The answer to that question is Section 5.

This is the report’s first core claim: the quantum threat is already validated by the industry’s own experts. The unresolved question is which institutions are still issuing as if post-quantum migration were optional.

The Privacy You Think You Have Is Not Post-Quantum Privacy

Every transaction you have ever made on a chain you believed was private - Monero, Zcash, any privacy layer - is already recorded on a permanent public ledger. A quantum adversary does not need to be present when you transact. It needs only to exist at some future point with access to the blockchain that is always there. The harvest is passive, structural, and already underway. The decryption is deferred. The exposure is current.

This is where Zcash and Monero become especially important. Privacy chains are often marketed as stronger forms of digital money because they hide transaction details, balances, or counterparties. But privacy that is not post-quantum safe is not durable privacy. Once the relevant cryptography fails, historical privacy can fail with it.

Monero’s own research team documents retroactive deanonymization as irreversible. Zcash’s ZIP-2005 acknowledges that upgrading the protocol may not restore the Balance property for historical transactions. The Federal Reserve Board and Federal Reserve Bank of Chicago have published a working paper warning explicitly that quantum computers could decrypt historical blockchain transactions and that post-quantum cryptography cannot retroactively protect data already recorded on public blockchains.
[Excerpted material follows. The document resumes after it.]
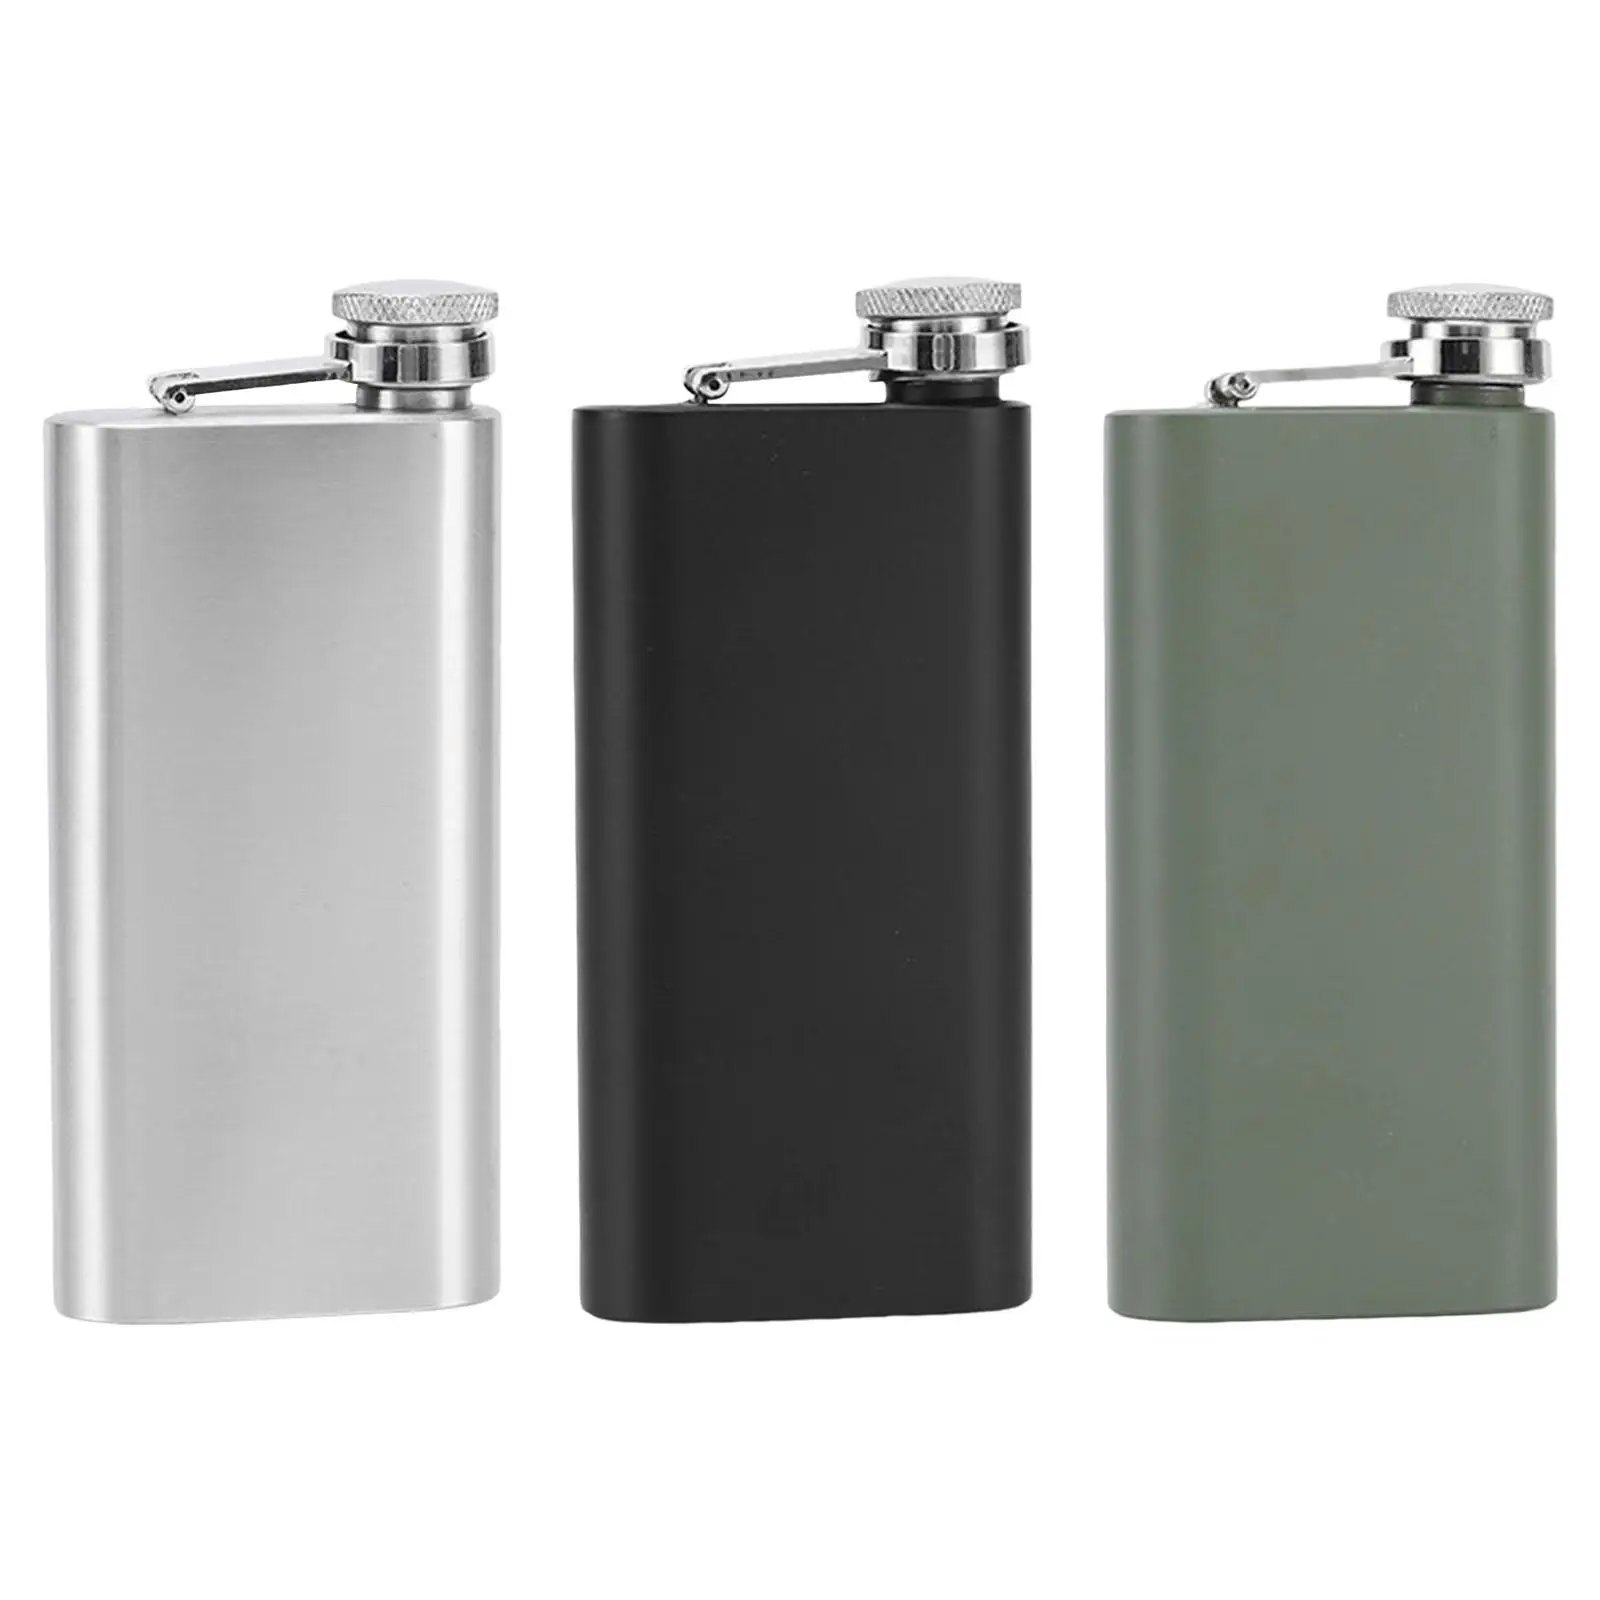 140ml Drinking Bottle Leakproof Stainless Steel liquid Flagon Portable Drink Pocket for Outgoing Hiking Wedding Hunting

Zcash’s own ZIP-2005 is explicit that Orchard does not by itself make the protocol secure against quantum adversaries, that Sapling would also need to be disabled if discrete-log-breaking attacks became practical, and that the note commitment algorithms used by Sapling and Orchard are not post-quantum binding. That means Zcash is not post-quantum safe today in the way many readers would assume.

Monero’s own post-quantum research framing explicitly prioritizes retroactive deanonymization because it threatens today’s users before theft even becomes the main issue. In other words, Monero’s own research agenda acknowledges that quantum risk is not only about future theft. It is also about the historical privacy users believe they already have.

Migration addresses future transactions. It cannot un-reveal what is already recorded.

The privacy is already gone. Only the adversary has not arrived yet.

The $144 Trillion Post-Quantum Financial Infrastructure Problem

The standard framing of this risk is too small. $2.62 trillion in crypto market cap. $316 billion in stablecoins. These are the assets already on classical rails. They are evidence of what migration debt looks like at scale. They are not the target of this report. The target is the $144.4 trillion U.S. financial stack now actively choosing its cryptographic foundation.

The Financial Stack Now Opening to On-Chain Infrastructure

This stack is not waiting. DTCC tokenization services roll out H2 2026 covering the Russell 1000, major ETFs, and U.S. Treasury bills, notes, and bonds. Nasdaq received SEC approval for tokenized equity trading and settlement on March 18, 2026. NYSE is building 24/7 tokenized venues. OCC is approving bank charters. Wells Fargo filed a stablecoin trademark fourteen days before this report was published. Every dollar of the $144.4 trillion that lands on classical cryptographic rails extends the migration debt by one dollar. The PQ problem scales with the migration.

This is why the report focuses on post-quantum financial infrastructure, not only on crypto assets already reflected in market-cap tables. The larger issue is the next layer of stablecoins, tokenized treasuries, tokenized money market funds, tokenized securities, custody systems, and settlement flows now deciding where to live.

The Quantum Threat Timeline, Ethereum’s 2029 Target, and the Post-Quantum Migration Window

The Quantum Threat Timeline Report 2025, published by evolutionQ and the Global Risk Institute, surveyed 26 internationally recognized quantum computing experts under a structured elicitation methodology. Average estimated likelihood of a cryptographically relevant quantum computer capable of breaking RSA-2048 within five years: 15%. Within ten years: 49%. This is not an analyst’s forecast. It is the structured average probability estimate of 26 domain experts. 13 of 26 placed the ten-year likelihood at approximately 50% or higher.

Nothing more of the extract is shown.